Es auspicioso que crezca constantemente el número de laicos que desean rezar la Liturgia de las Horas.
Este deseo revela una filial adhesión a las orientaciones de la Iglesia, ya que el rezo de las Horas es propuesto a todos los fieles, incluso a aquellos que legalmente no están obligados (LC 8).Pero este deseo quedaría reducido a un gesto de "buena voluntad" si no lo acompaña una correcta comprensión y vivencia espiritual de la identidad propia de la Oración de la Iglesia.
La Oración eclesial - la Liturgia de las Horas - no es "una oración más" entre tantas conocidas.
No se trata de usar unos formularios propuestos por la Iglesia, "a la par" de otros formularios propuestos por múltiples devocionarios.
La Oración de la Iglesia, la Oración litúrgica, la Oración pública y comunitaria de todo el Pueblo de Dios - la Liturgia de las Horas - tiene una identidad propia y exclusiva.
Descubrir esta identidad y "enamorarse" de ella es una meta impostergable para que mientras celebramos el Oficio, reconozcamos en Cristo nuestras propias voces y reconozcamos también su voz en nosotros (LC 8).
Para lograrlo, el punto de partida es distinguir la oración individual (Hay que entender individual, como particular, propia de cada uno) y la oración litúrgica.
La oración individual consiste en el trato íntimo con Dios. Trato de amistad con quien sabemos nos ama, expresa santa Teresa en el libro de su vida, cap. 8, 5, quien añade: estando a solas con quien sabemos nos ama.
Aquí el sujeto de la oración es el individuo, la persona singular. Esta oración es tanto más auténtica cuanto más espontánea brote del corazón. Las fórmulas que ofrecen los devocionarios e incluso las que ha recogido la tradición, procedentes de tantos ilustres santos y autores espirituales, pueden ser útiles, en la medida en que "el corazón" se identifique con ellas, pero nunca son el elemento fundamental.
La oración litúrgica va por otro camino. Su finalidad no es el "coloquio propio" de los participantes con su Dios, sino el diálogo de la Iglesia con su Esposo; del pueblo de la Nueva Alianza con el Padre; de la comunidad santificada por la sangre de Cristo con su Salvador.
Aquí el sujeto de la oración es la comunidad orante que visibiliza a la Iglesia universal: "Cuando los fieles son convocados y se reúnen para la Liturgia de la Horas, uniendo sus corazones y sus voces visibilizan a la Iglesia, que celebra el misterio de Cristo" (OGLH 22).

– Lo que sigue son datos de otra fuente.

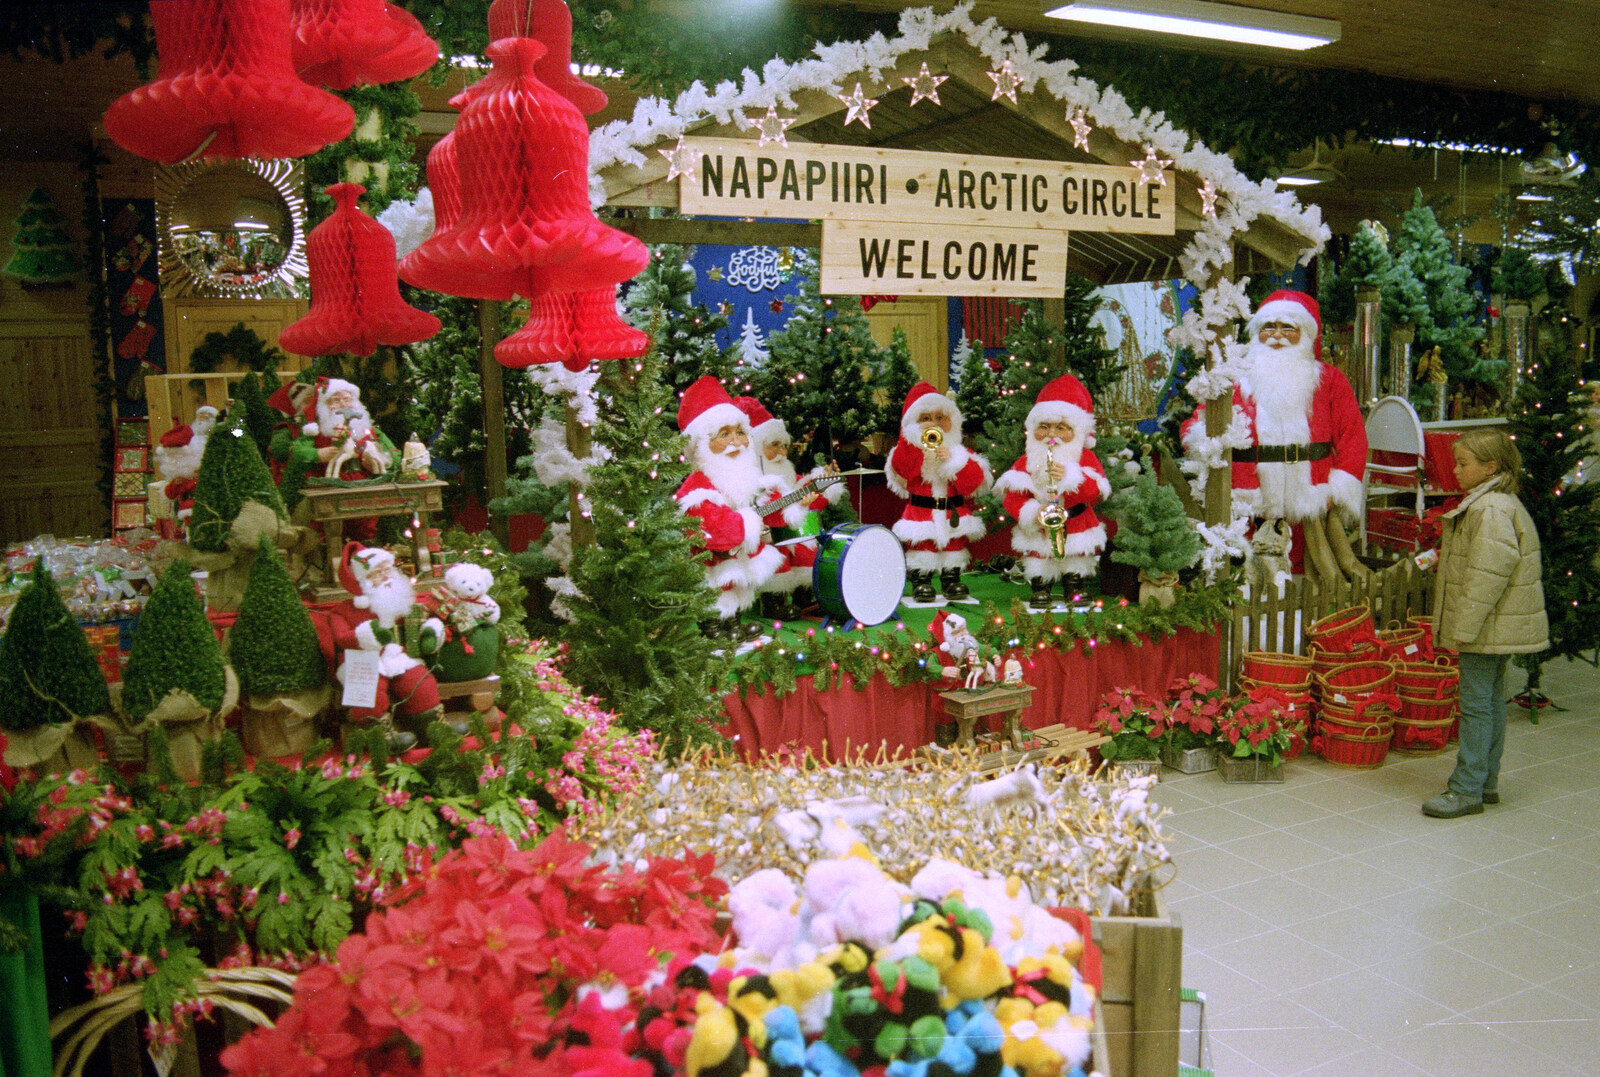 Mad Christmas stuff in Napapiiri from A Trip to Rovaniemi and the Arctic Circle, Lapland, Finland - 28th November 1999

Quién reza la Liturgia de las Horas (aunque lo haga en privado) lo hace en nombre de toda la Iglesia, uniéndose a cuantos dispersos por el mundo alaban, dan gracias y suplican al Señor, y contribuyen de modo misterioso y profundo al crecimiento del pueblo de Dios (OGLH 18).

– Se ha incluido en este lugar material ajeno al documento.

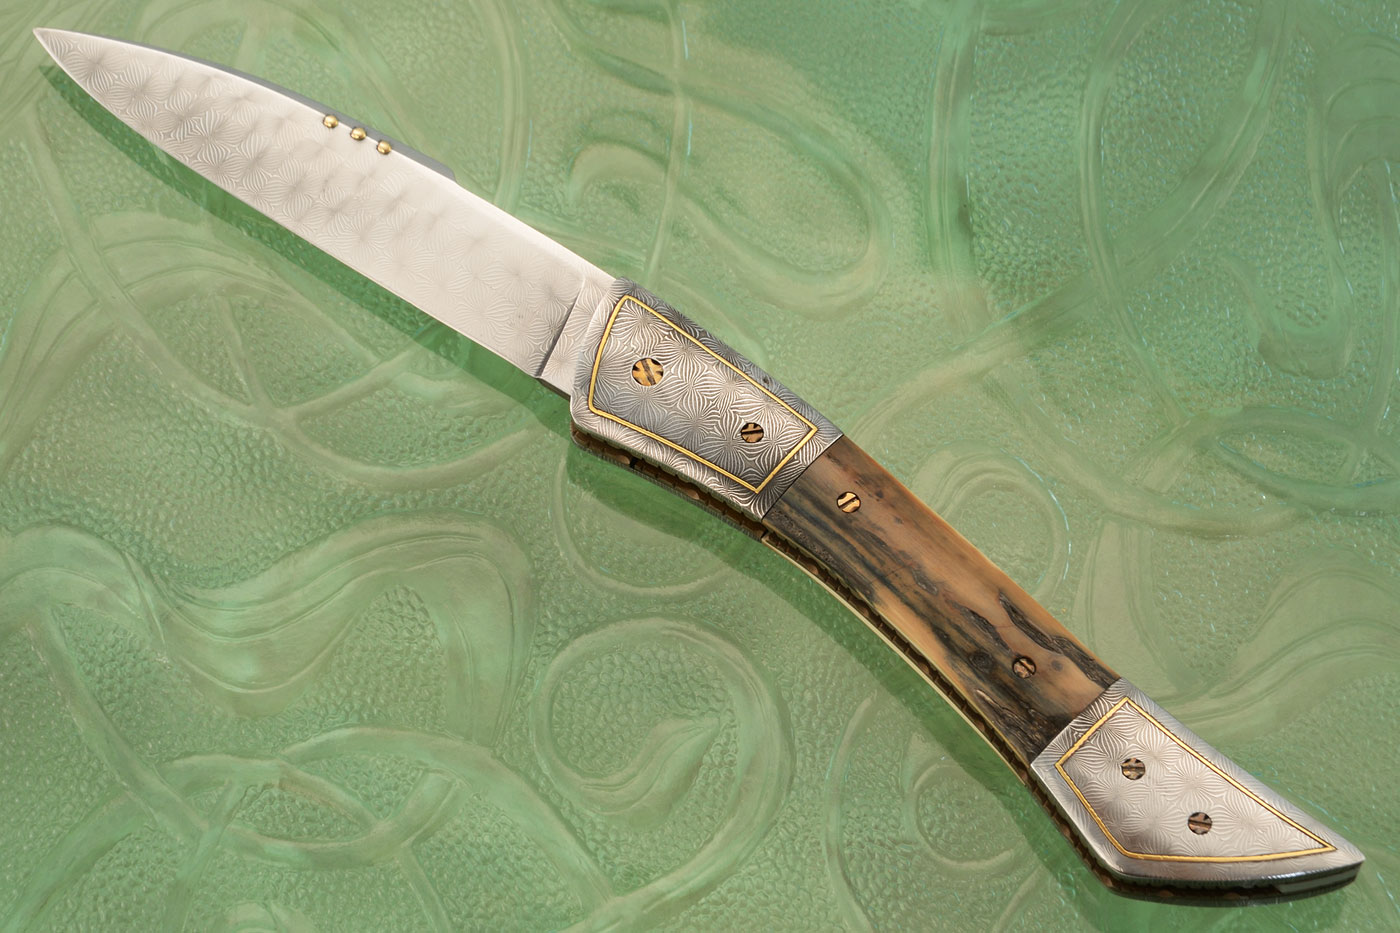 Mosaic Damascus Folder with Mammoth Ivory<br><i>Best in Show</i> and <i>Best Folder</i> - 8th Annual Idaho Traditional and Tactical Knife Show

El cambio de perspectiva es total: ya no rezamos "en nombre propio" sino como "miembros de la Iglesia", Esposa que habla al Esposo, asociando a este divino himno de alabanza a la comunidad entera de los hombres.
Durante siglos y más siglos los fieles han sido estimulados únicamente en la importancia de la oración personal, desconociendo la identidad propia y la finalidad específica de la oración litúrgica ("Distinguir" la oración personal y la oración litúrgica no es "oponerlas": Puesto que la vida de Cristo en su cuerpo místico perfecciona y eleva también la vida propia o personal de todo fiel, debe rechazarse cualquier oposición entre la oración de la Iglesia y la oración personal; e incluso, deben ser reforzadas e incrementadas sus mutuas relaciones (LC 8)).
Este post quiere ayudar a descubrir la identidad propia, "el alma" de la oración litúrgica, llamada hoy, Liturgia de la Horas. El lector ha de darse tiempo y tenerse paciencia. No es posible penetrar la naturaleza específica de la oración eclesial e incorporarse al verdadero espíritu de la Liturgia de las Horas ... "de la noche a la mañana".
El esfuerzo rendirá sus frutos. El orante experimentará que cuando es el Cuerpo del Hijo quien ora, no se separa de su Cabeza, y el mismo Salvador del Cuerpo, nuestro Señor Jesucristo, Hijo de Dios, es el que ora por nosotros, ora en nosotros y es invocado por nosotros. Ora por nosotros como sacerdote nuestro. Ora en nosotros por ser nuestra Cabeza. Es invocado por nosotros como Dios nuestro.
Reconozcamos pues, en él nuestras propias voces y reconozcamos también su voz en nosotros (San Agustín, Comentarios al salmo 85, 1).